Promotion_null <- do(2000) * diffprop(decision ~ shuffle(gender), data = Promotion)
# Does caffeine increase finger tapping rate?
Taps_null <- do(2000) * diffmean(Taps ~ shuffle(Group), data = CaffeineTaps)

Let’s look at the randomization distributions for each of these examples.

What do you notice about these distributions?

  1. Where are they centered?

  2. How would you describe their shape?

The shape of null distributions

  1. Null distributions will always be centered at the value the test statistic would have if the null hypothesis were true.

    • If this isn’t true for your randomization distribution, that generally means that you have not randomized correctly.
  2. Many (but not all) null distributions have a symmetric, bell-shaped distribution.

    • If we could know this shape without doing the randomization, we could get our p-values from this distribution without doing the randomization.

    • This approximation is better for larger sample sizes than for smaller sample sizes.

Many (again, not all) data distributions also have approximately this same shape as well. Since it shows up so often, we want to learn a bit about these bell-shaped distributions.

Normal Distributions

The Bell Curve

The bell-shaped curve that many distributions (approximately) have is called a normal distribution.

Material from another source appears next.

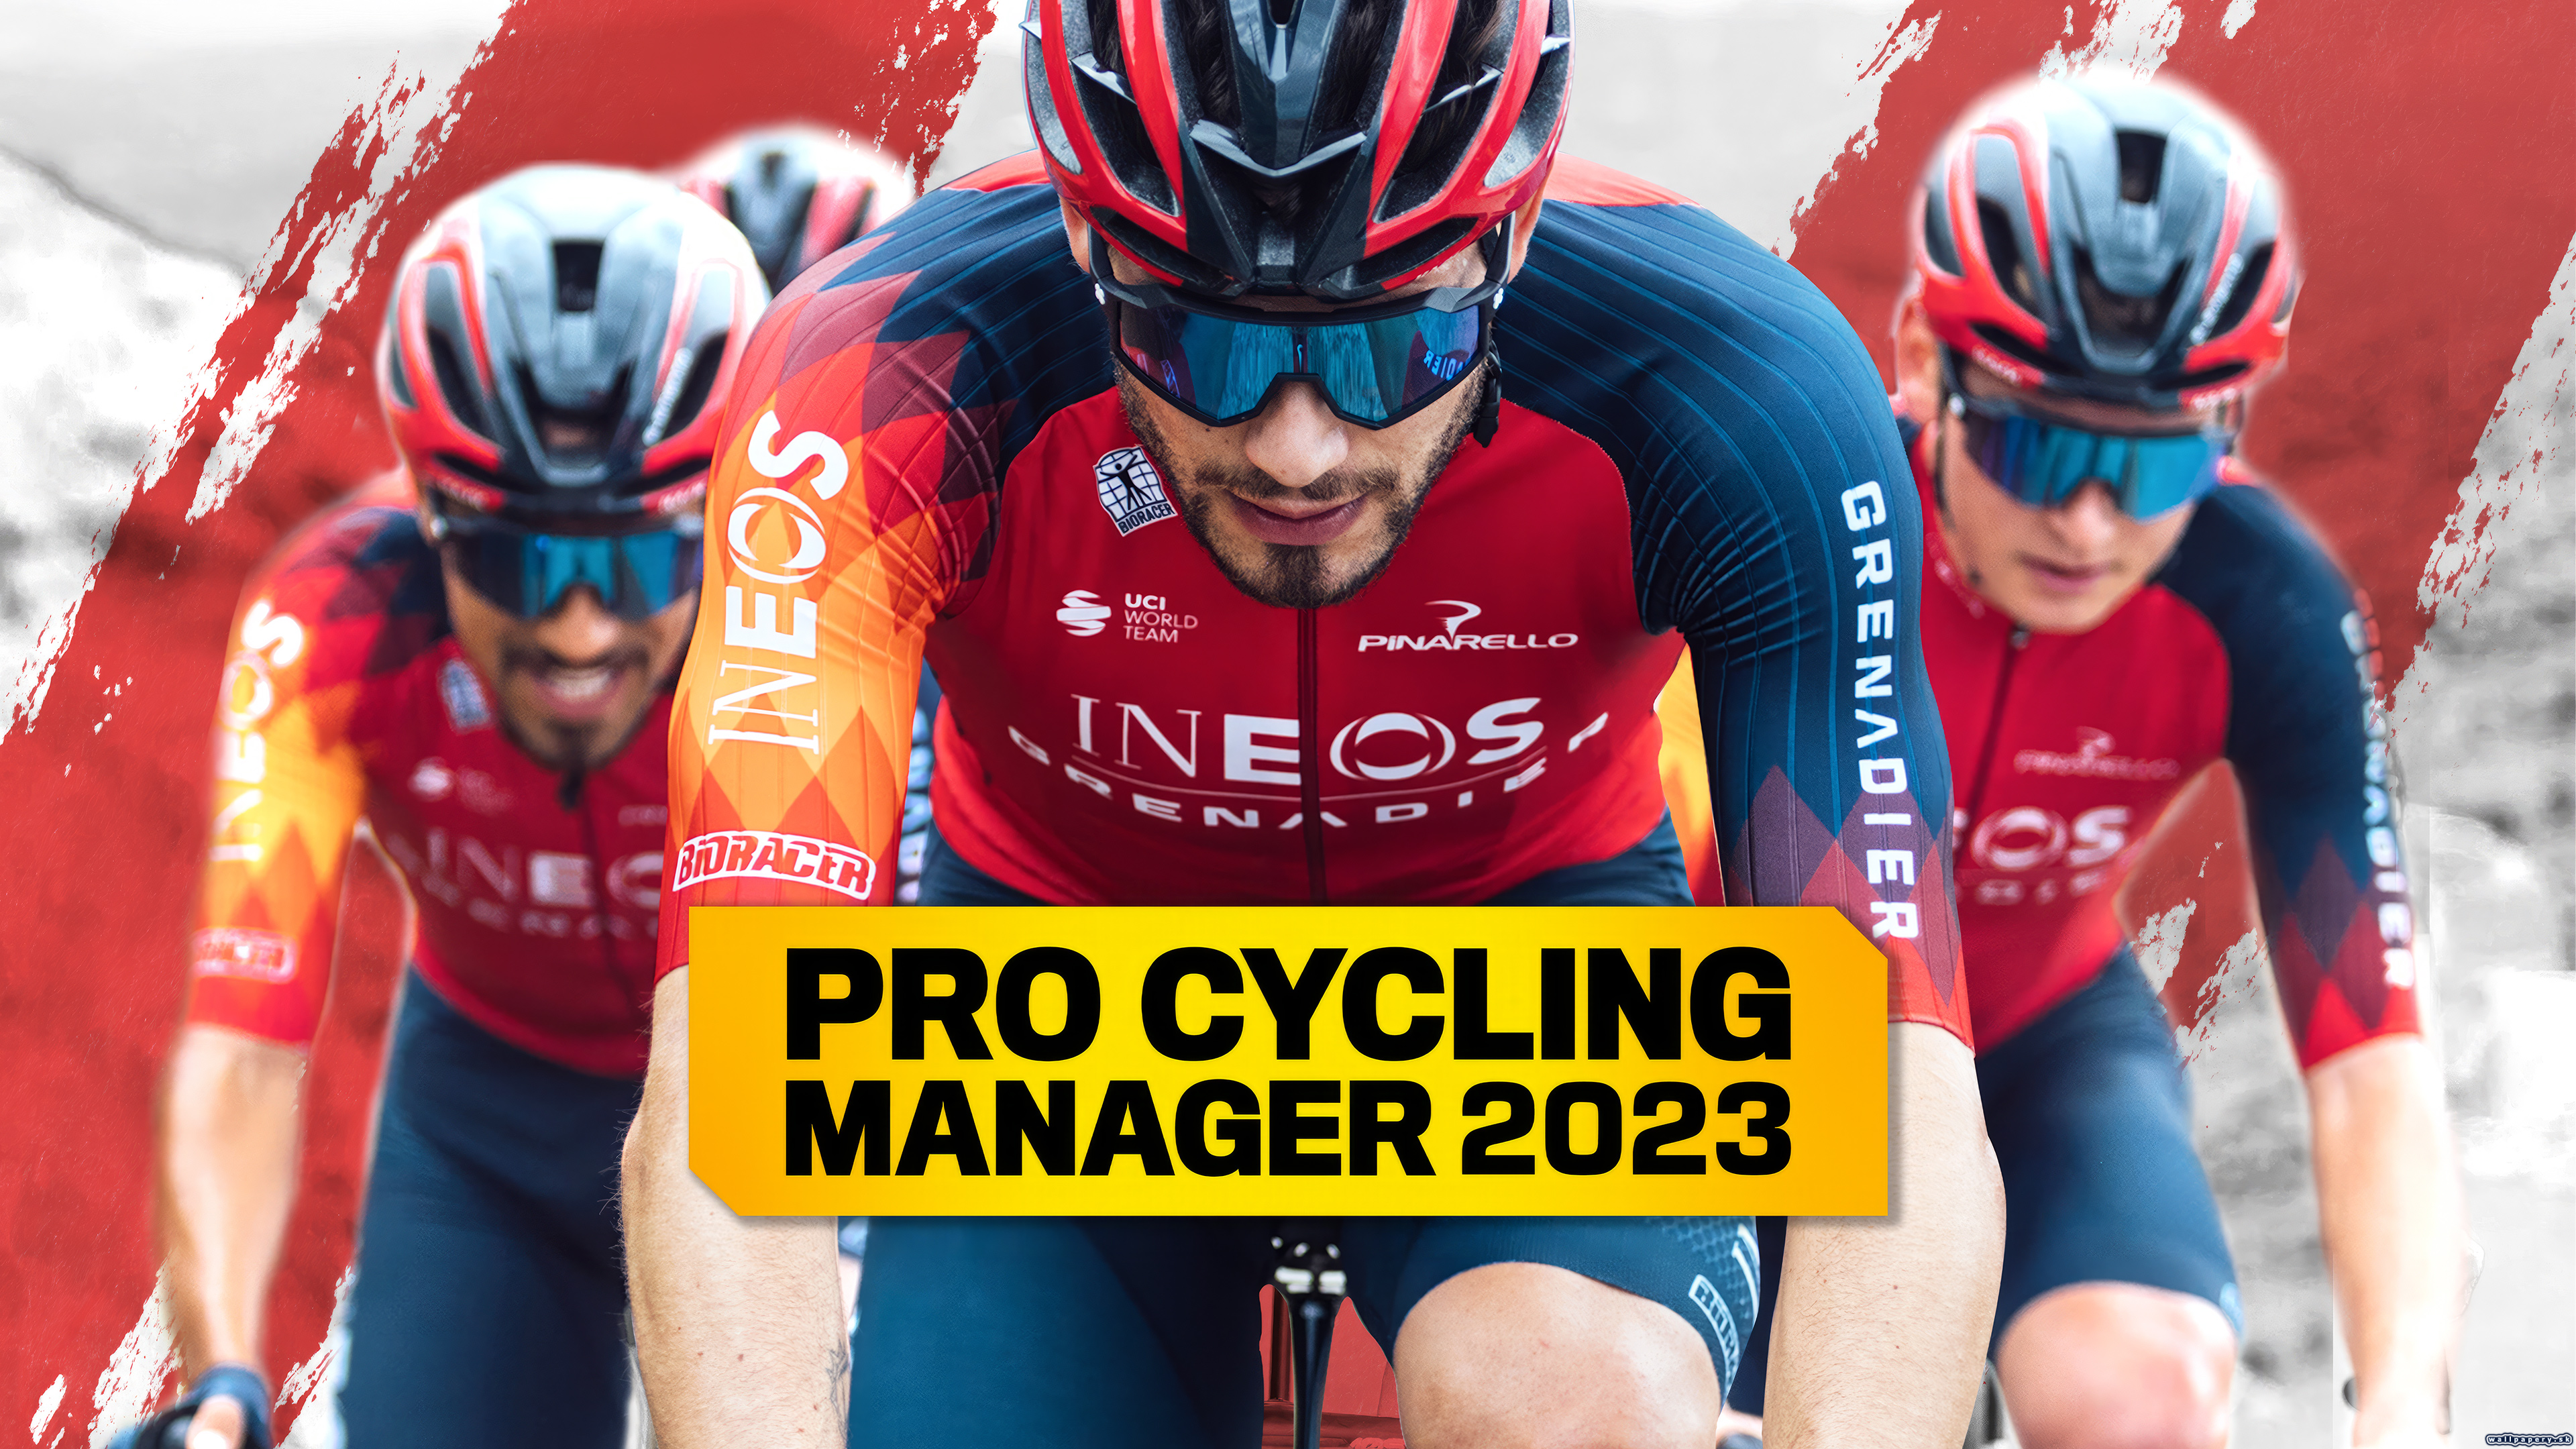 Pro Cycling Manager 2023 - wallpaper 1

Actually, there are many normal distributions. They all have the same basic shape, but the can have different means (center) and standard deviations (spread).

We will denote a normal distribution with mean \(\mu\) and standard deviation \(\sigma\) as \({\sf Norm}(\mu, \sigma)\).
For example, here is the Norm(100,20)-distribution.

gf_dist("norm", mean = 100, sd = 20, title = "Norm(100, 20)")

68- 95 - 99.7

These distributions have a number of special mathematical properties. Here are four important ones for us.

  • Since they are symmetric, the mean, median, and mode are all the same. Half of the distribution is below the mean and half is above.

  • ~68% of the distribution is between 1 standard deviation below the mean and 1 standard deviation above the mean.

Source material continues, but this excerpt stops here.